Don nodded vaguely. “I still don't get the point, Fred.”

“Can't you see, Don—Shaw was trying to get his hands on more stock so that he'd have some extra pressure on Avery Bullard?”

“Because he thought he could force himself in as executive vice-president?”

“Of course. It wouldn't have worked—not with Avery Bullard—but Shaw's too much of a fool to realize that.”

“But why was he working through Pilcher?”

“That's plain enough—to keep Julia from finding out what was going on. Shaw knows that she's close to Avery Bullard—that she'd never do anything he didn't want her to do. They
were
pretty close, you know—closer than a lot of people realize. I mean—well, I've just been thinking about that—wondering whether I really ought to try and talk to her tonight—so soon. Unless I miss my guess, she's going to be pretty much broken up.”

Alderson leaned down to look at his watch in a stray beam of light that fell from the instrument panel. “Sort of late, too—maybe I'd better wait until morning to see her.”

They rode for a moment in silence and then Don Walling felt himself impelled to ask. “Do you think there is any chance, Fred, that Mrs. Prince might change her attitude toward the company now that Avery Bullard is dead—that she might sell her stock?”

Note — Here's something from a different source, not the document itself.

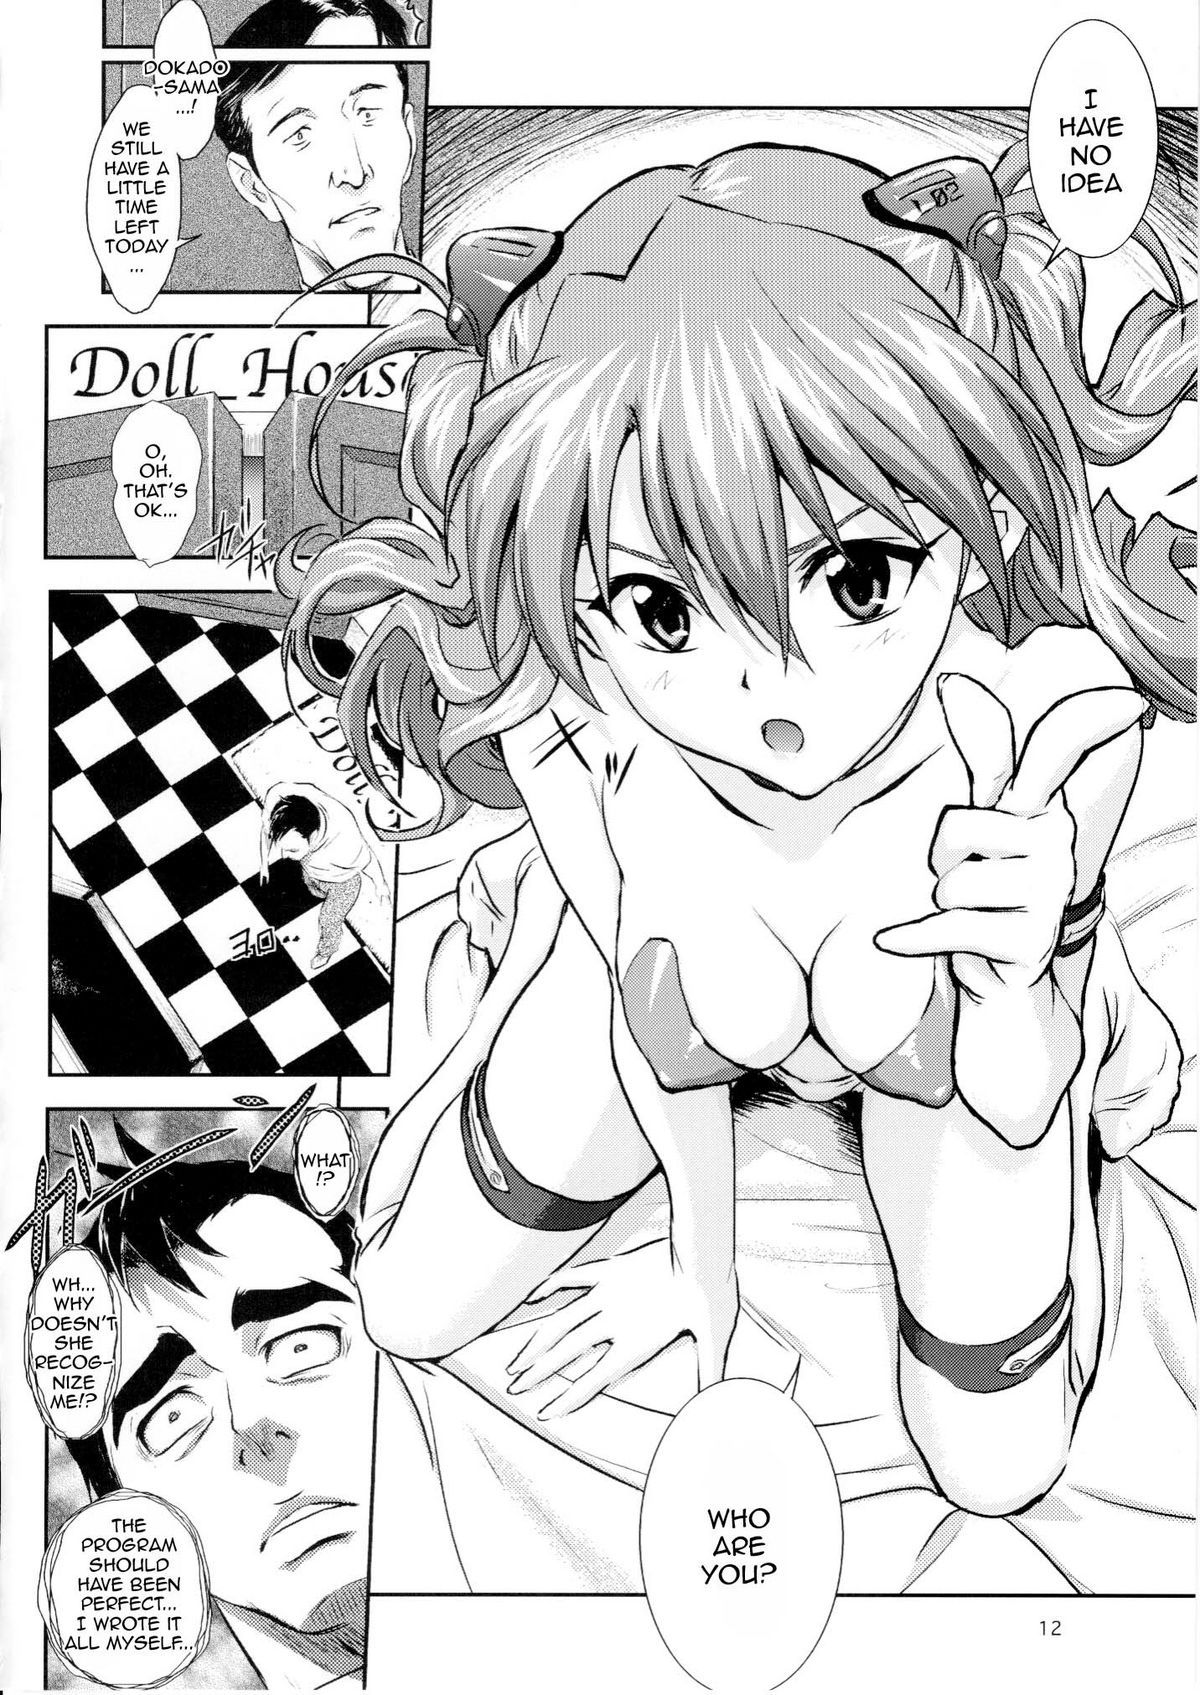 Doll House Vol. 1 neon genesis evangelion 10 hentai manga

Alderson hesitated. “I was thinking about the same thing. Yes, I'd better see her tonight. She'll probably appreciate my stopping, anyway. It's right up here in the next block, Don. Just drop me off. I can walk home afterward.”

They were already at the corner and Don Walling touched the brakes, pulling in toward the long white wall that guarded the old Tredway home from the street, stopping where the wall opened for the driveway.

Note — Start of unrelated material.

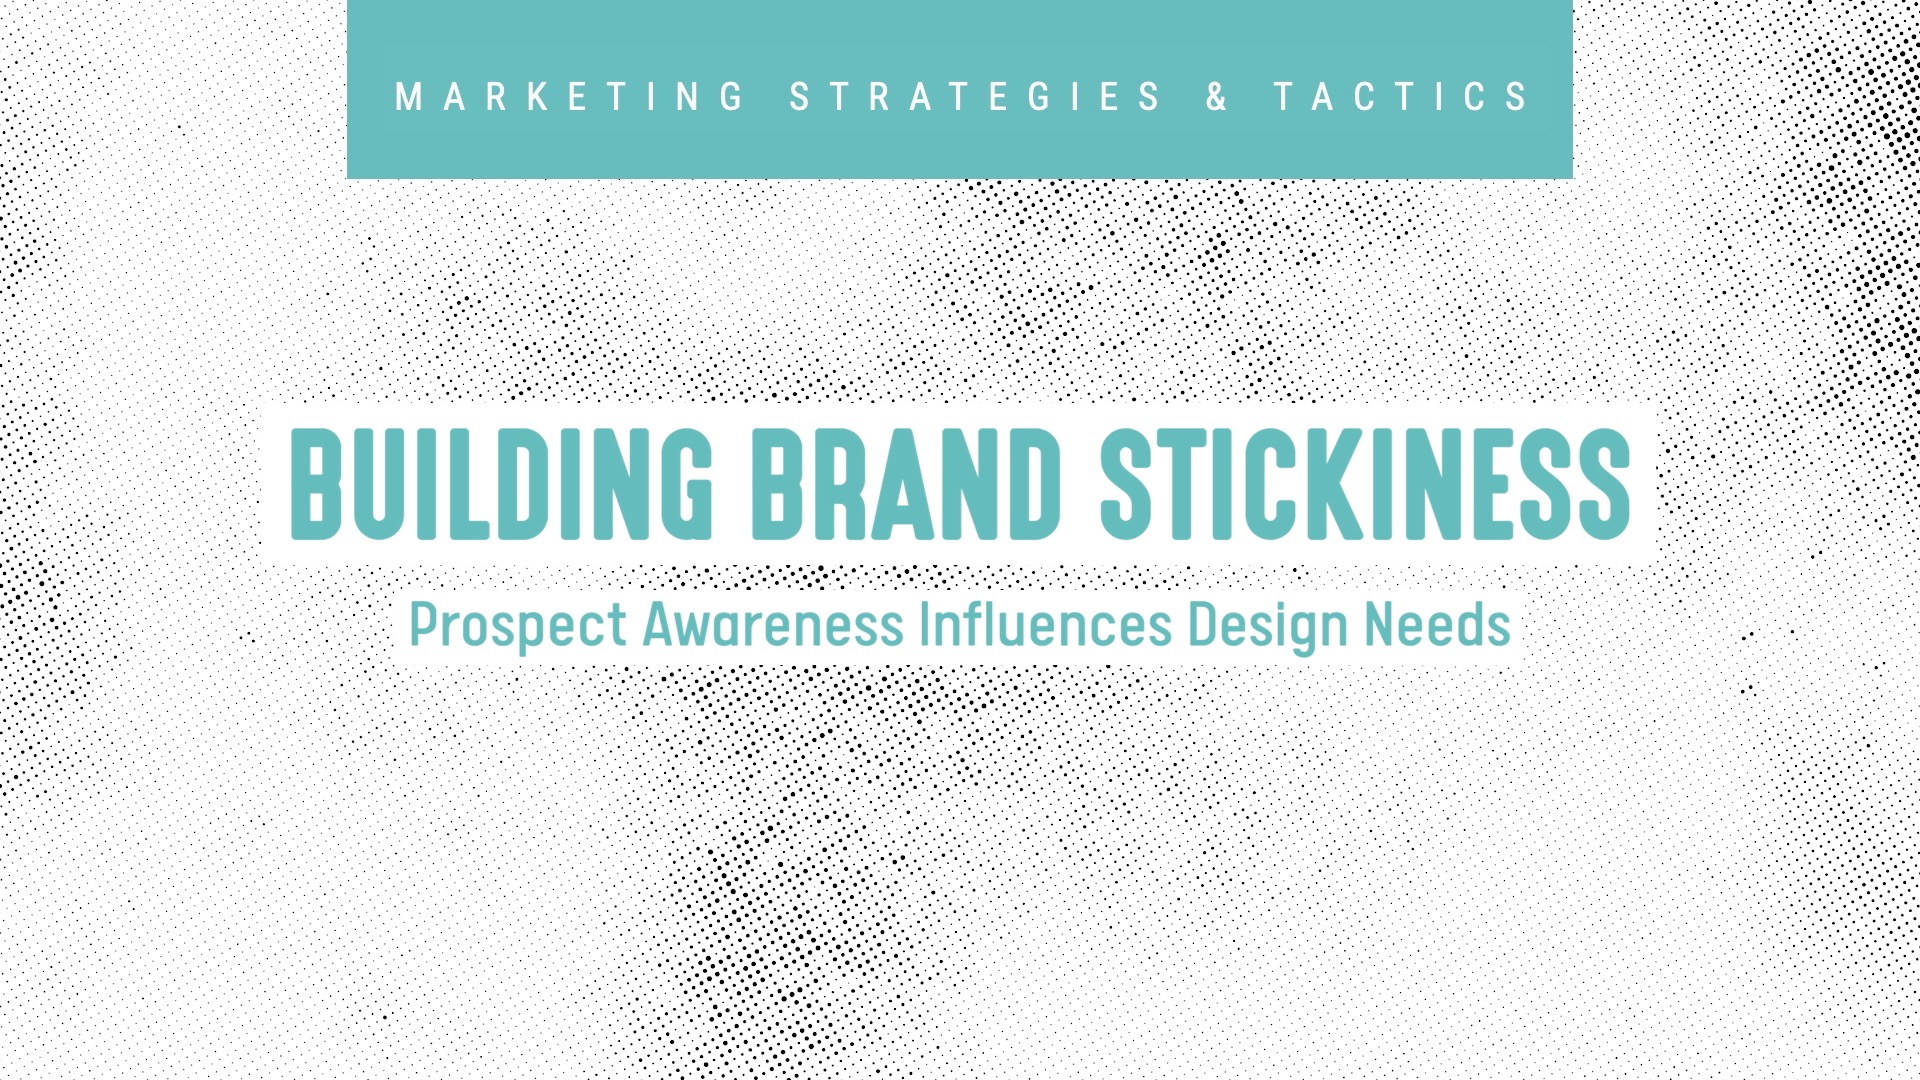 BUILDING BRAND STICKINESS: Prospect awareness determines brand creativity

Alderson started to get out and then, suddenly he was frozen into immobility.

Walling turned in quick alarm. “Fred, what's the—”

Then he saw it. Loren Shaw's car was already parked in the drive.

CHICAGO, ILLINOIS

9.09 P.M. CDT

The trained eyes of the airport porters watched the passengers coming in through Gate 9, expertly calculating their potentialities. Three made an almost simultaneous lunge for the handsome, prematurely gray man who was obviously the pick of the lot. The quickest-footed won and J. Walter Dudley handed over his checks.